Genelde insanlar, özelde  eşler arasındaki ilişkilerde  sadece  yapılan hataları eleştirme yerine, kişiliğe yönelik eleştirilerin yapılması, bu vesile ile kişiliğe saldırıda bulunulması, dolayısıyla eleştirilerde olabildiğince cömert, ama yapılan iyiliklere karşı teşekkür etmede  cimri olunması, affedici olma yerine intikam duygularıyla hareket edilmesi,  aile içinde cereyan eden olumsuz tavırlardan sadece bir kaçıdır.

 Bu nedenle eşlerden her biri, diğerini suçlamaya başlamadan önce kendi röntgenini çekmeli, empati yaparak kendi kusurlarını ve eksiklerini tespit etmeli ve bunları düzeltme çabası içinde olmalıdır. Kendisinin iyi ve güzel huyları ile eşinin olumsuz huylarını ve eksik yanlarını mukayese ederek kendisini yüceltici, eşini ise küçültücü bir tavır içine girmemeli ve ona karşı asla saygısızlık yapmamalıdır. Eşler, cinsiyet kimliklerini değil, insan  kimliklerini  öne çıkartarak birbirlerinin kusurlarını müsamaha ile karşılamalı, sorumluluk bilinci içinde hareket etmeli, sabırlı ve sadakatli olmalıdır. Sorunları çözmede diyaloğa önem vermeli, özellikle de çift kişilik monologlardan kaçınmalıdır.

 Bunları gerçekleştirebilmenin yegane yolunun yeterli bilgi birikimine, bilinç ve iradeye sahip olmakla mümkün olduğu  ve  ailenin kurumsal değerlerine  sahip çıkmaktan  geçtiği gerçeği  de asla  unutulmamalıdır.  
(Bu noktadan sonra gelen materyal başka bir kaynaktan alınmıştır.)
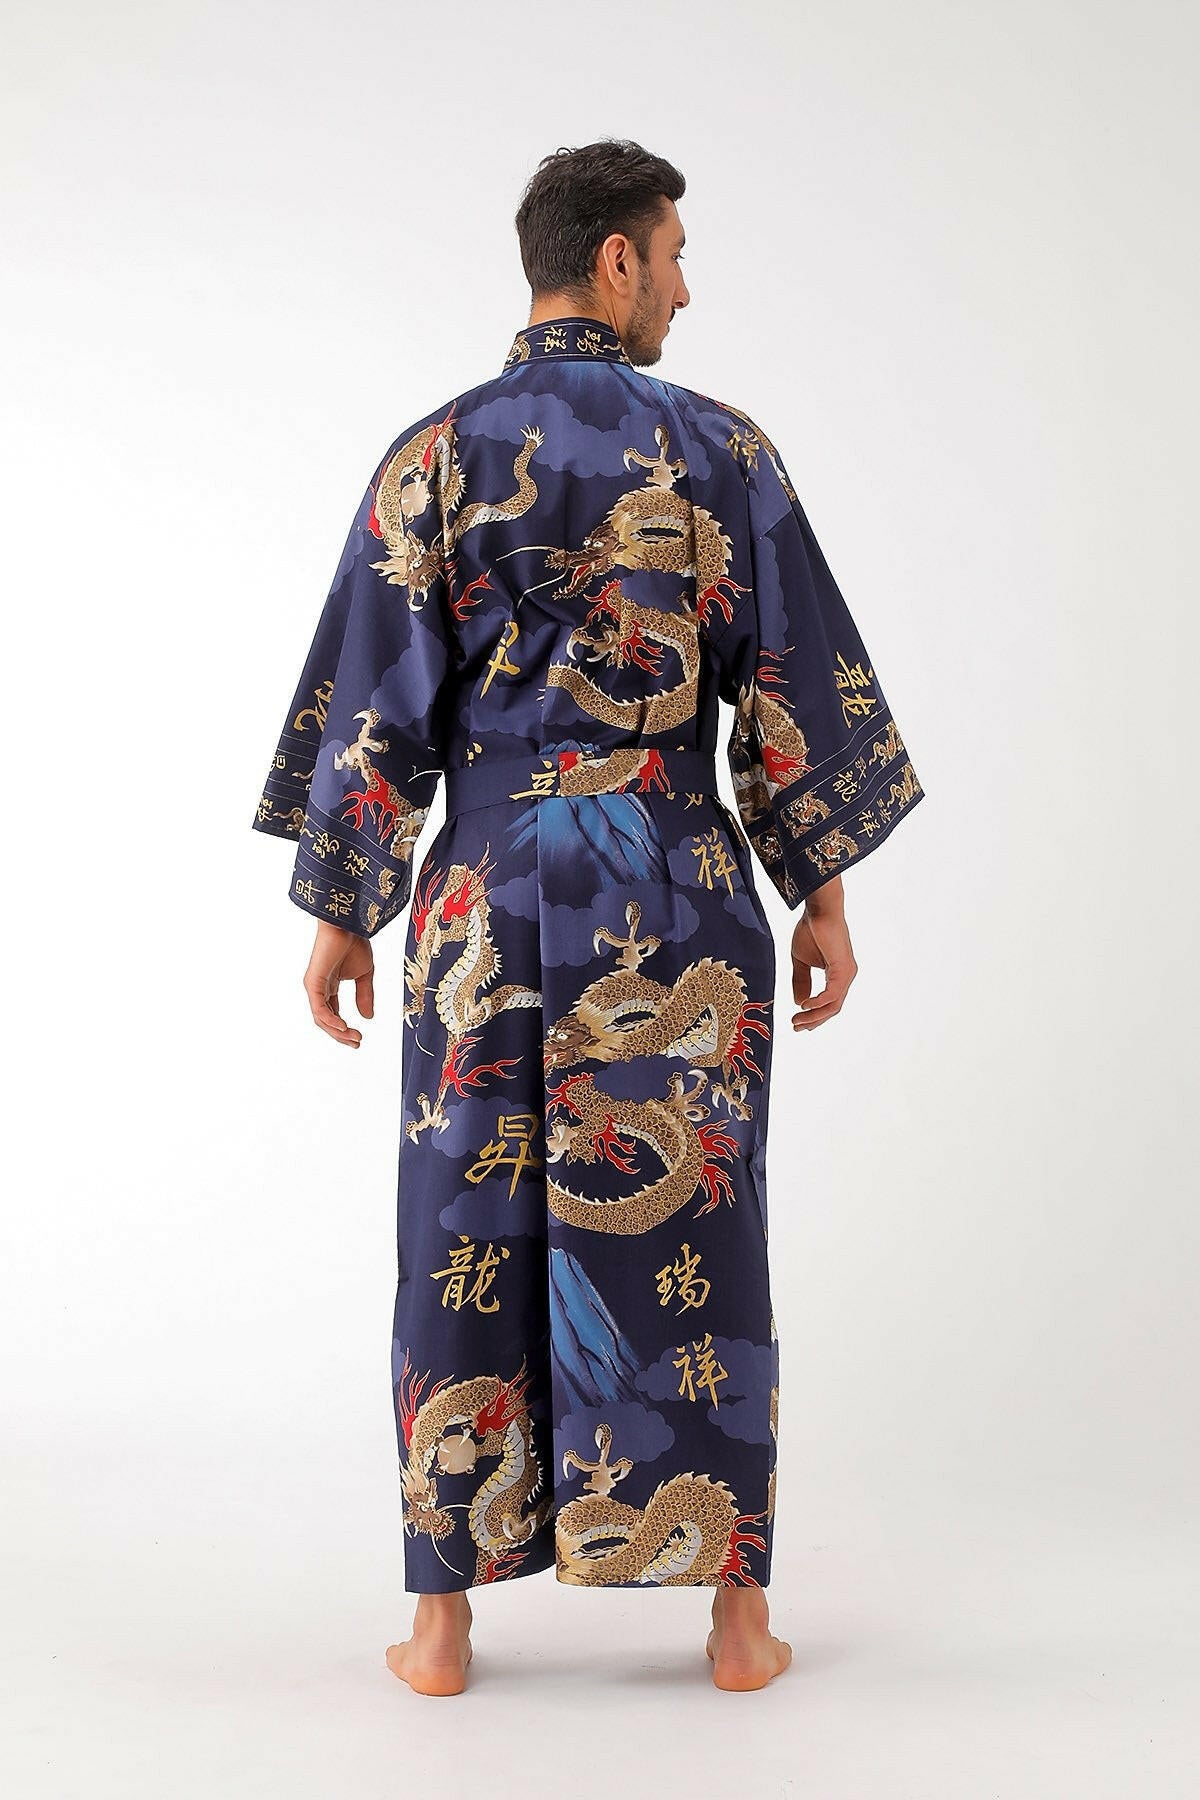 Kimono Japones Hombre 'Fujioka' - Kimono Hombre - KIMAYU KIMONOS

*  Celal Kırca, Kur’an ve Sosyal Hayatımız, Ankara 2018, s. 155-185’den bazı düzeltmelerle iktibas edilmiştir.

Yorumlar
  1. Recep dedi ki:

    Çok güzel, kapsamlı, doyurucu bilgiler içeren bir yazı olmuş. Yüreğinize, kaleminize sağlık. Kur’an-ı Kerim esas alınmış ve birçok edebi, psikolojik , bilimsel araştırmalar ile desteklenmiş, çok faydalı olacağına inandığım bir yazı olarak değerlendiriyorum.